Fabrication and Physico Chemical Characterisation of High Molecular Weight Hyaluronic Acid Based Wound Healing Membrane

 

Dr. Sunil Yesvanthu S V¹, Dr. Arun M²*, Dr. Murugesan Krishnan³, Dr.Santhosh P.Kumar⁴

 

¹Resident, Department of oral and maxillofacial surgery, Saveetha Dental College and hospitals, Saveetha Institute of Medical and Technical Sciences (SIMATS) Saveetha University, Chennai-600077, Tamil Nadu, India.

Email.id: 152304004.sdc@saveetha.com  

²Associate Professor, Department of oral and maxillofacial surgery, Saveetha Dental College and hospitals, Saveetha Institute of Medical and Technical Sciences (SIMATS)

Saveetha University, Chennai-600077, Tamil Nadu, India.

Email id: arunmsdc@saveetha.com 

³Professor, Department of oral and maxillofacial surgery, Saveetha Dental College and hospitals, Saveetha Institute of Medical and Technical Sciences (SIMATS)

Saveetha University, Chennai-600077, Tamil Nadu, India.

Email id: dr.mkm70@gmail.com 

⁴Professor, Department of oral and maxillofacial surgery, Saveetha Dental College and hospitals, Saveetha Institute of Medical and Technical Sciences (SIMATS)

Saveetha University, Chennai-600077, Tamil Nadu, India.

Email id: santhoshkumar@saveetha.com 

 

Corresponding author *:

Dr. Arun M2

Email id: arunmsdc@saveetha.com

 

ABSTRACT

Background: Hyaluronic acid, is a natural straight polysaccharide, has attracted researchers attention from its initial detection and isolation from tissues. Because of biocompatibility and a high biodegradation of hyaluronic acid, it tracks down wide application in bioengineering and biomedicine: from biorevitalizing skin beauty care products and endoprosthesis of joint liquid to polymeric platforms and wound dressings. Several biopolymers are utilized for the preparation of bioactive wound dressings, including hyaluronic acid (HA), cellulose, chitin, chitosan, fibrin, alginate, elastin, dextran, collagen, gelatin, etc. These polymers possess excellent properties that can be significantly beneficial in wound healing, such as non-toxicity, biodegradability, biocompatibility, readily available, and non-immunogenicity.

 Aims: To evaluate the fabrication and physical chemical characterisation properties of high molecular weight hyaluronic acid.

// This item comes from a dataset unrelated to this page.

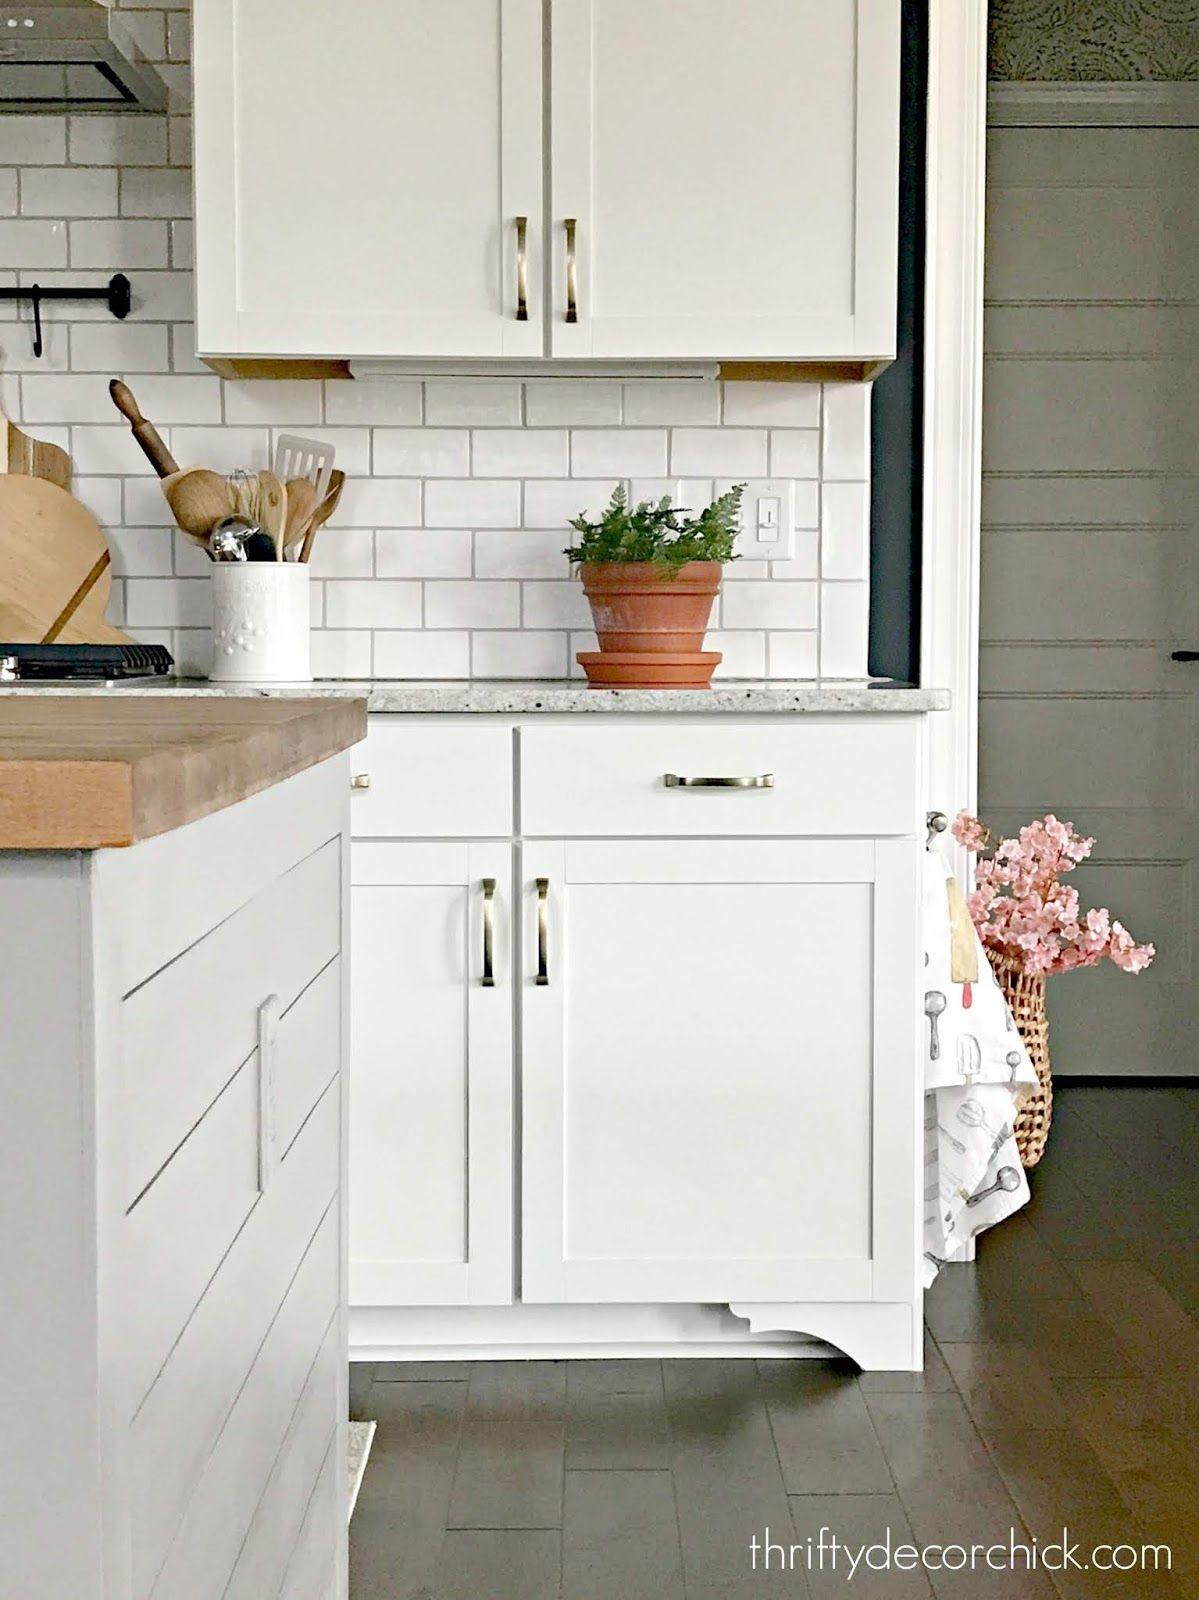 Diy Furniture Feet For Basic Kitchen Cabinets Kitchen Cabinets Kitchen Cabinet Trends New Kitchen Cabinets

Materials and Methods: Fabrication of Scaffolds: Test 1 contains the stock solution of 1% HA(H), 0.5% carrageenan and 1% gelatin. To fabricate the scaffold, the materials were blended in the ratio 6:1:3 respectively. Test 2 contains the stock solution of 1% HA(H), 1% carrageenan and 1% gelatin. To fabricate the scaffold, the materials were blended in the ratio 6:1:3, respectively. Then the control group contains 1% of HA(H) and 1% gelatin blended in a ratio of 6:4. 3ml of the homogeneous mixture was transferred to six-well plates. 100 ul of the crosslinking agents TPP (15%) was added to each well. The plates were stored at in-20 C for 12 hrs and followed by-80 C overnight. The samples were then lyophilized for 24hrs and kept in dry condition.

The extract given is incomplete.